Cabinet minister says Israel will not set up independent Gaza war inquiry as UN called for

By AP
Tuesday, January 26, 2010

Israel shuns UN call for Gaza war probe

JERUSALEM — Israel will not set up a special panel to investigate the army’s conduct during its Gaza offensive last winter, a Cabinet minister said Tuesday — rejecting a key demand in a U.N. report that accused the military of war crimes.

With a deadline looming, Information Minister Yuli Edelstein said Israel would submit a document to the U.N. later this week that deals only with Israel’s own investigations of its wartime conduct.

The U.N. report has called on Israel and Gaza’s Hamas rulers to conduct independent probes into the conduct of their forces during last winter’s Gaza fighting. The General Assembly endorsed the report last November, giving the sides until Feb. 5 to respond.

By rejecting calls for an independent probe, Israel could open itself to international war crimes charges. But Israeli leaders have expressed concern that forcing soldiers to testify could hurt morale and make them wary of taking part in battle in the future.

“Israel will not set up any review panel,” Edelstein told Israel Radio from New York, where he met with U.N. chief Ban Ki-moon to discuss the report. He stressed that Israel “will relay a document addressing something very specific, namely, the character and credibility of internal investigations that took place in Israel.”

Prime Minister Benjamin Netanyahu was out of the country, and officials declined comment.

The U.N. report, authored by veteran war crimes prosecutor Richard Goldstone, has accused Israel of committing war crimes and possible crimes against humanity. Some 1,400 people were killed, including about 900 civilians, according to Palestinian and international human rights groups. Thirteen Israelis also were killed in the fighting.
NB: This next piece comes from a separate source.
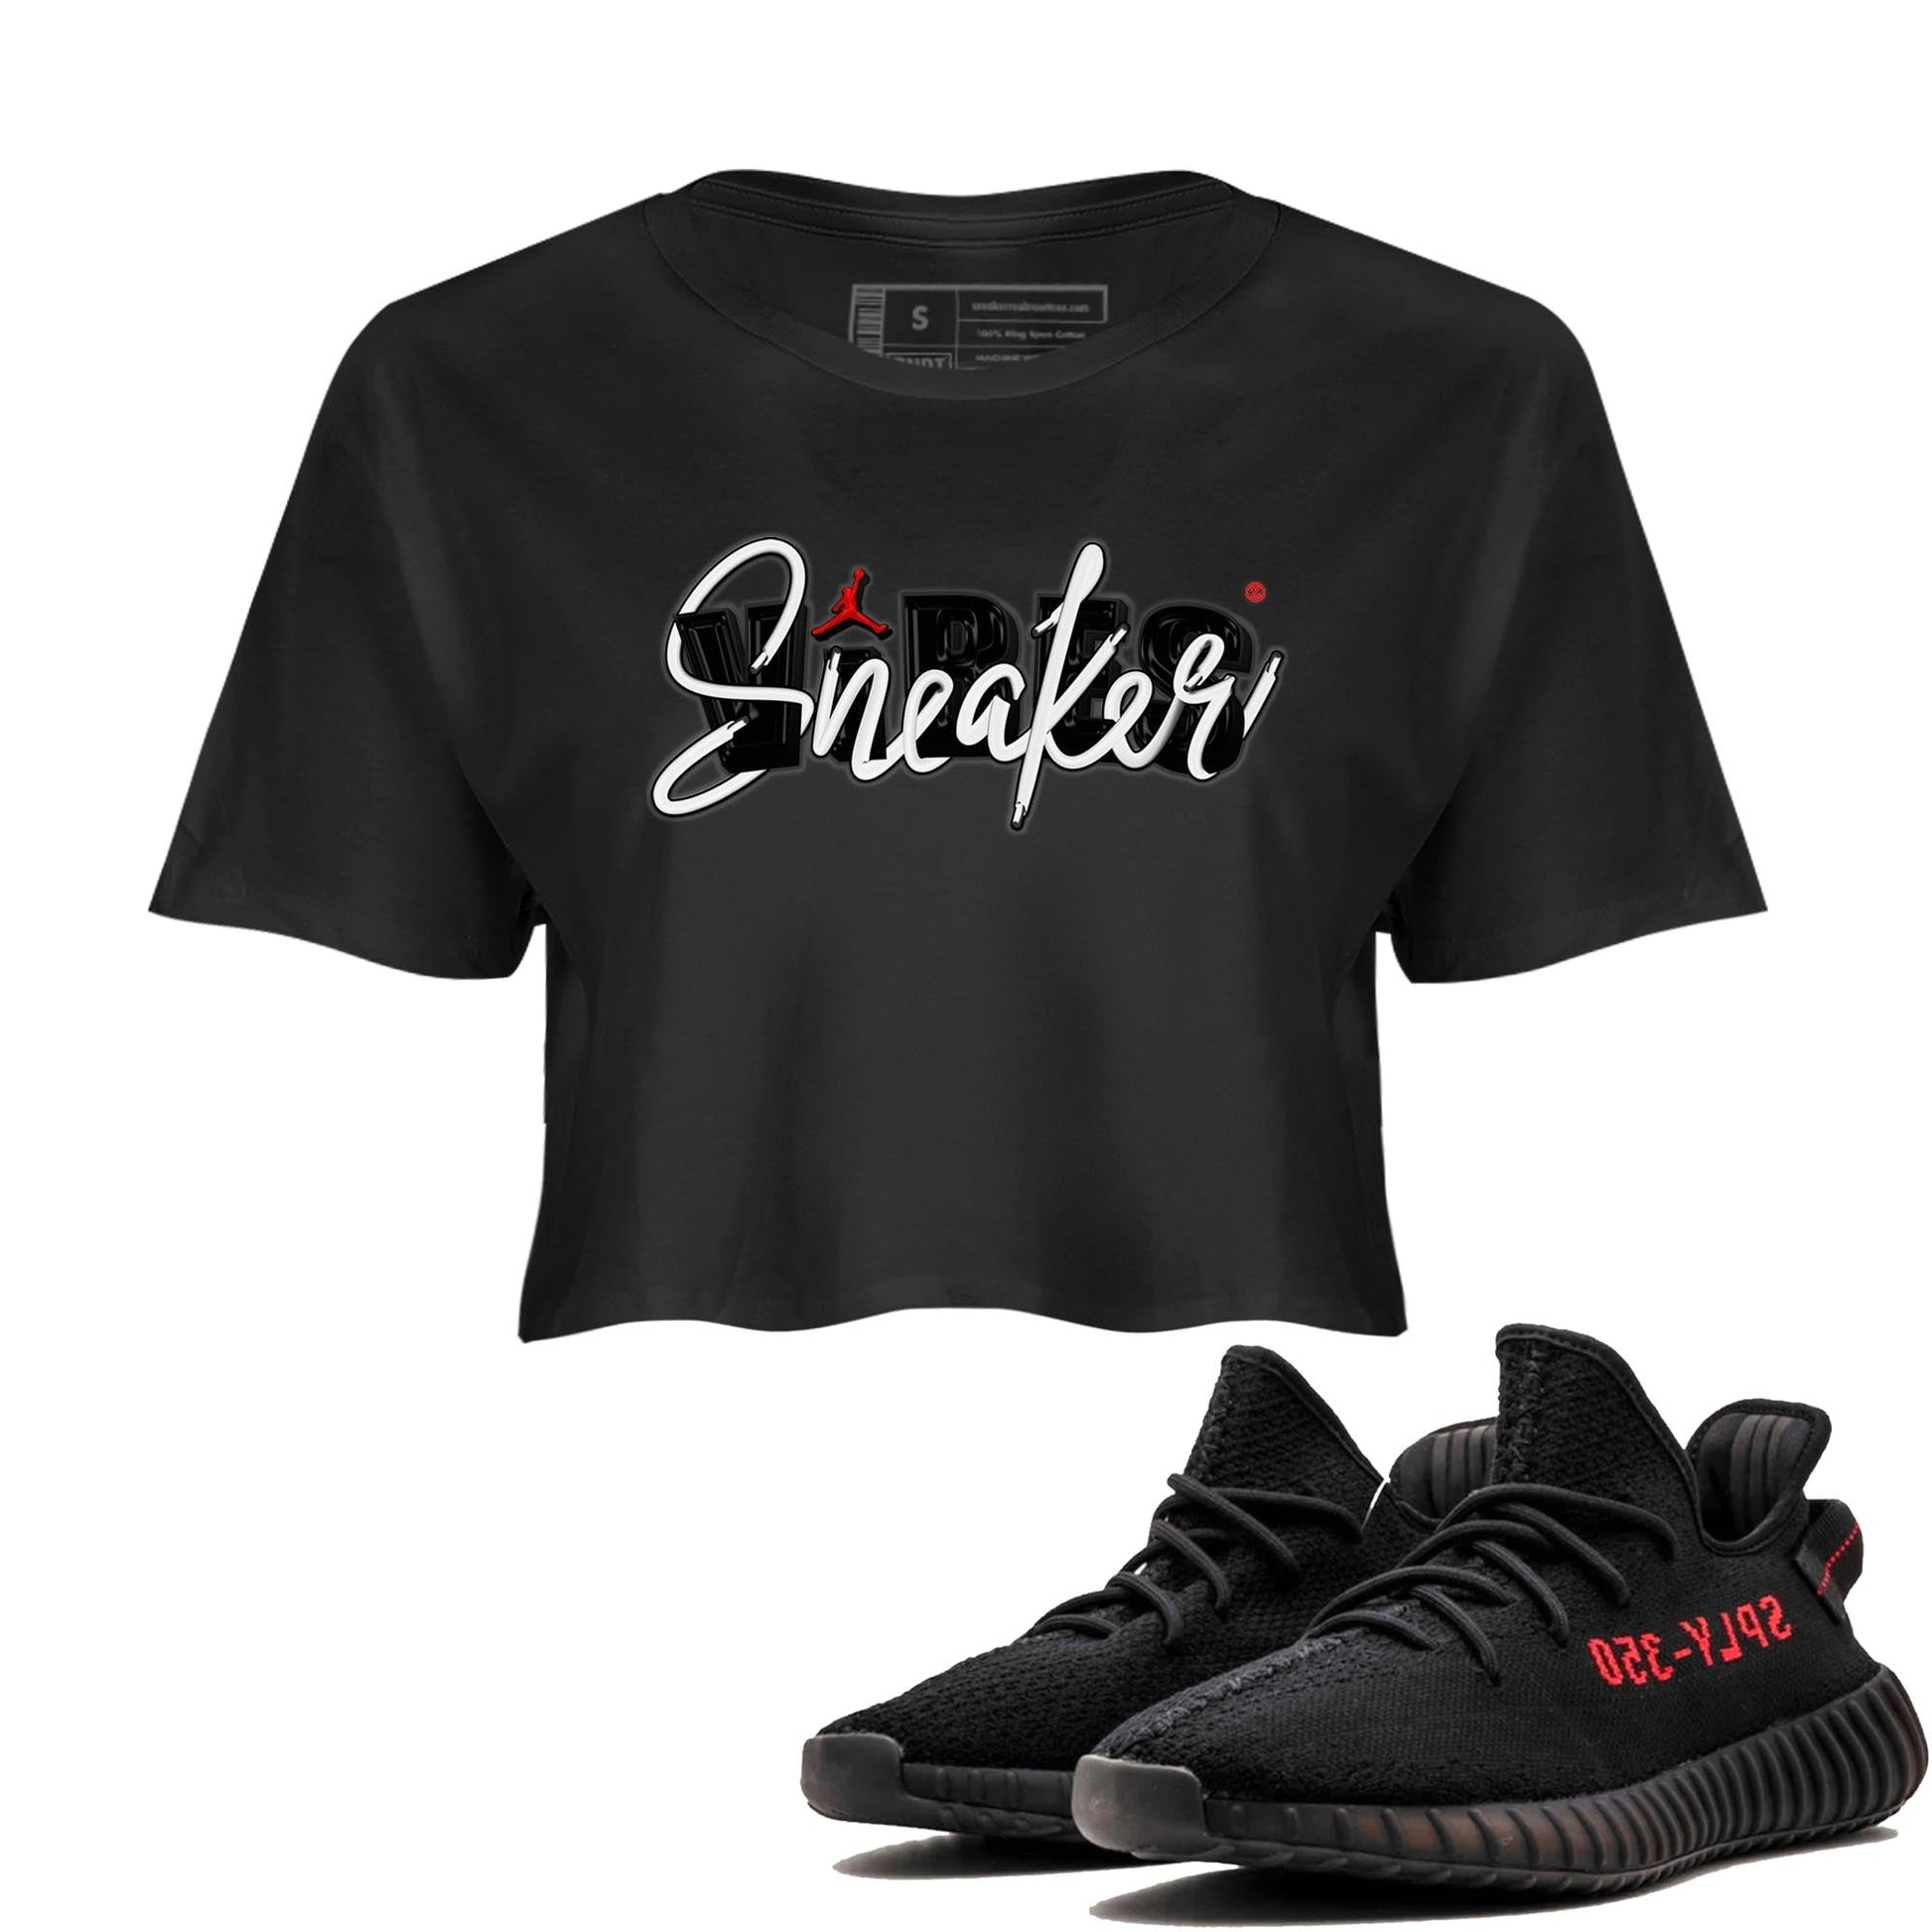 Yeezy 350 Bred shirt to match jordans Sneaker Vibes sneaker tees Yeezy Boost 350 V2 Bred SNRT Sneaker Release Tees Black 1 Crop T-Shirt

Israel, which launched the Gaza operation after years of rocket attacks by Palestinian militants, has rejected the U.N. report as flawed and biased. It says Hamas is to blame for civilian casualties because militants operated within residential areas.

Should Israel disregard the U.N.’s call for an unbiased investigation, the U.N. Security Council could refer the case to prosecutors at the International Criminal Court in The Hague.

Washington would be expected to block such a move, but would not be able to spare Israel finding itself the focus of an embarrassing, high-profile investigation.

So far, the only investigations Israel has conducted have been carried out by the military itself. But critics don’t trust the military to investigate itself.

Israel refused to cooperate with the Goldstone probe, despite Goldstone’s own close ties with the Jewish state, because the U.N. body that commissioned it has a history of singling out Israel for particular censure.

In Gaza, a committee set up by the Hamas justice minister, Farah al-Ghoul, is looking into the war crimes allegations against the militant group.

The committee is to release its findings in coming days, Hamas legislator Salah Bardawil said Monday.

Hamas has denied wrongdoing and insists that firing rockets at Israel is legitimate resistance to Israeli occupation.

Israel withdrew from Gaza in 2005, after 38 years of direct military rule, but still controls the territory’s border crossings, as well as air space and access from the sea.